Joe Frantz is an American producer, cinematographer, director, and former member of Bam Margera's CKY crew. His body of works includes the CKY video series, Haggard: The Movie, reality television shows such as Viva La Bam and Bam's Unholy Union, Jackass Number Two, Jackass 2.5, Jackassworld.com: 24 Hour Takeover, Jackass 3D, and Jackass 3.5, and music videos for bands such as HIM, CKY, Clutch, and the 69 Eyes.

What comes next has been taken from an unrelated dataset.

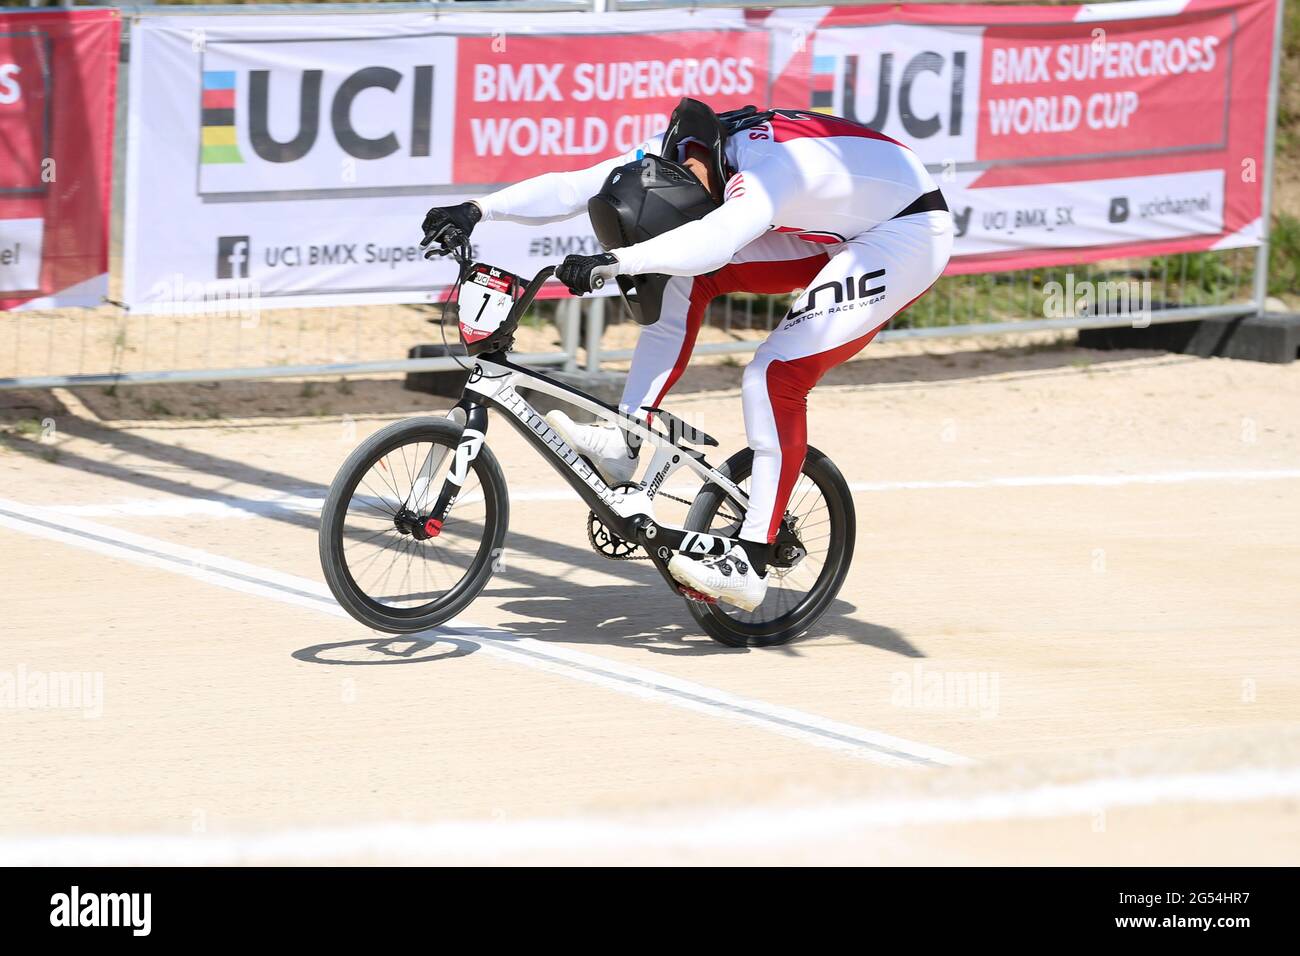 David GRAF of Switzerland (7) leads the pack in the UCI BMX Supercross  World Cup Round 1 at the BMX Olympic Arena on May 8th 2021 in Verona, Italy  Stock Photo - Alamy
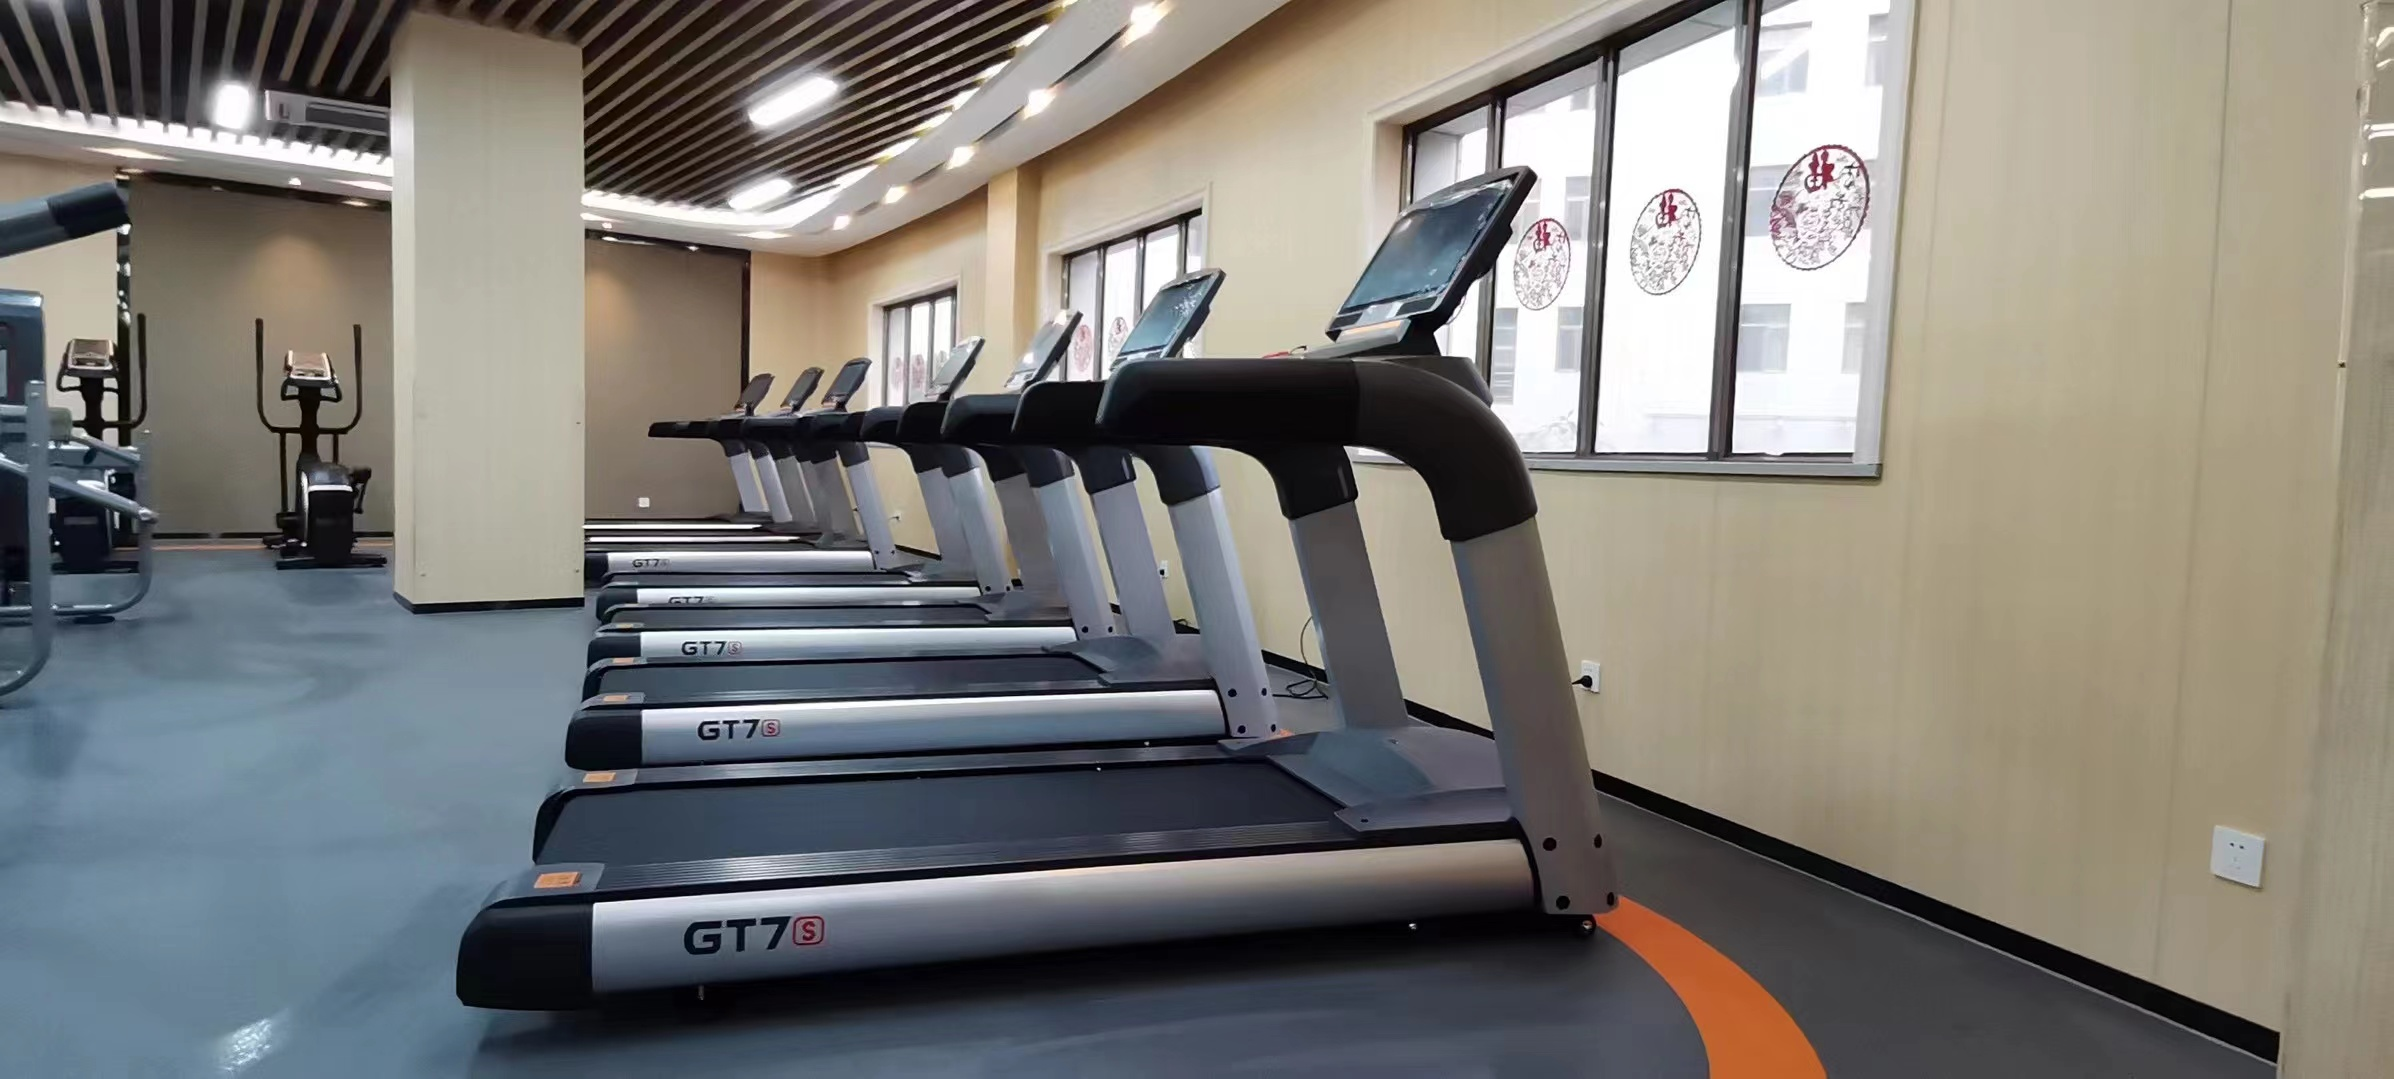 wholesale custom fitness gym equipment suppliers manufacturers

Frantz is also a collaborative co-author of the book Dreamseller, which he wrote with MTV / Jackass personality Brandon Novak. Frantz is a television documentary producer and cinematographer whose works have aired on National Geographic, The History Channel, Animal Planet, Discovery Channel, and The Travel Channel.

==CKY==

===The CKY video series===
Frantz is noted for serving as cinematographer for the CKY video series, a predecessor to the Jackass franchise. The series was directed by Bam Margera and starred the CKY crew, as well as popular extreme sports icons such as Tony Hawk. As director of photography for CKY 3 and CKY4, Frantz introduced high production quality 35-millimeter and 16-millimeter film sequences to the action sports genre, which was then primarily shot on various low quality videotape formats. Among the most noted film segments in the CKY videos are the "Shopping Cart Slams" and the "HeMan BeastMan" music video for the band Gnarkill (for which Frantz also crafted the stop-motion animation sequences).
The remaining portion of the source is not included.